Hypertensive emergency presenting with acute spontaneous subdural hematoma

J Cardiol Cases. 2018 Oct 16;19(1):25-28. doi: 10.1016/j.jccase.2018.09.001. eCollection 2019 Jan.

Abstract

Hypertensive crisis is a serious medical condition defined as severely elevated blood pressure; typically the systolic blood pressure is above 180 mmHg, and/or the diastolic blood pressure is above 120 mmHg. Hypertensive crises are divided into two categories: hypertensive urgency and hypertensive emergency. Hypertensive urgency is asymptomatic while hypertensive emergency presents with end-organ damage requiring more aggressive blood-pressure lowering. The common presentations for neurological end-organ dysfunction in conjunction with hypertensive emergency include ischemic strokes, intracranial hemorrhage, subarachnoid hemorrhage, head trauma, and hypertensive encephalopathy. The occurrence of acute spontaneous subdural hematoma (SDH) as a neurological end-organ damage complicating hypertensive crisis is rare and should receive tight blood-pressure lowering to prevent further bleeding.
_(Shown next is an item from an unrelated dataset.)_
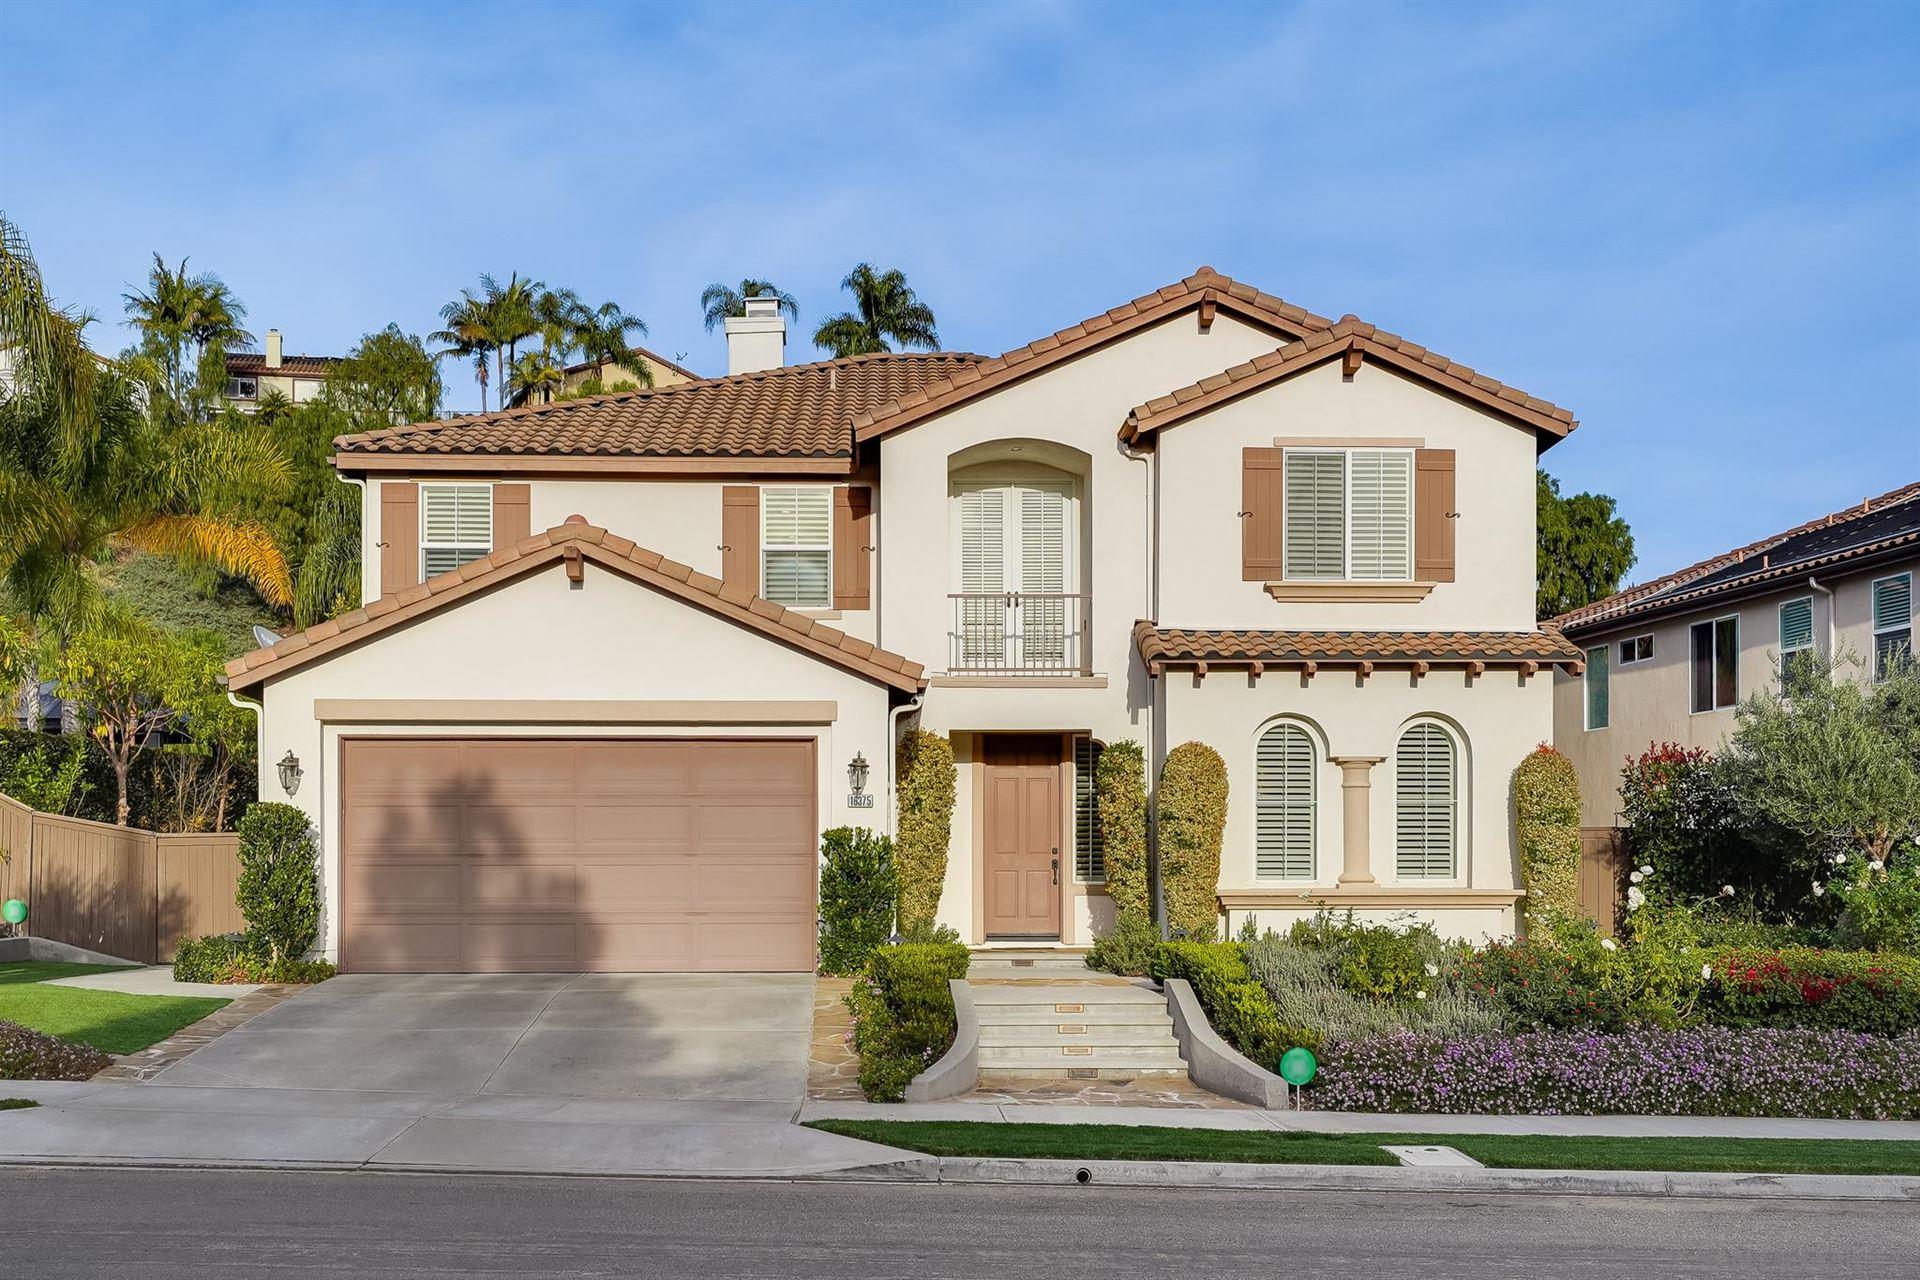 Photo of 16375 Cayenne Ridge Rd., San Diego, CA 92127 (MLS # 210001162)
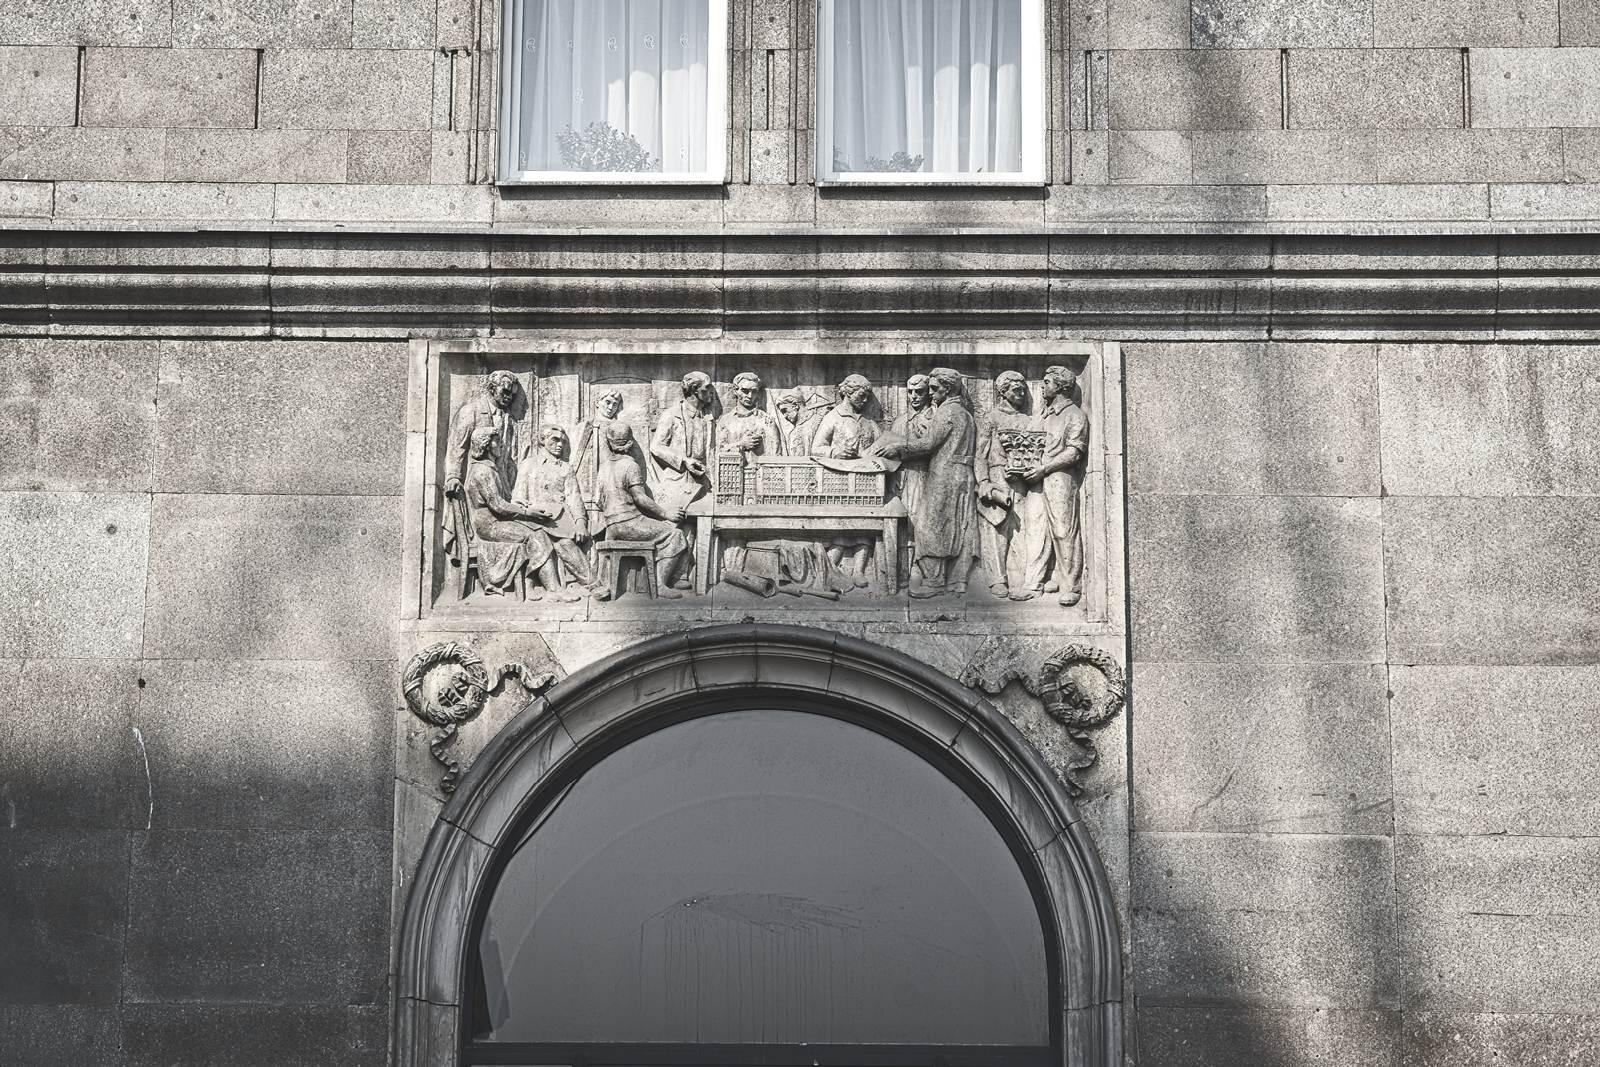 socrealism in warsaw plac konstytucji

We present a case of hypertensive emergency complicated with acute spontaneous SDH. <Learning objective: Acute spontaneous subdural hematoma as a neurological end-organ damage complicating hypertensive crisis is a rare entity. Hypertensive crisis presenting with acute spontaneous subdural hematoma prompts tight blood pressure control in timely manner to prevent permanent neurological sequalae. Rapid and severe elevation in the blood pressure might be a potential etiology of spontaneous bleeding into the subdural space. Further studies are needed to investigate this finding>.

Keywords: Acute spontaneous subdural hematoma; Hypertension; Hypertensive crisis; Hypertensive emergency.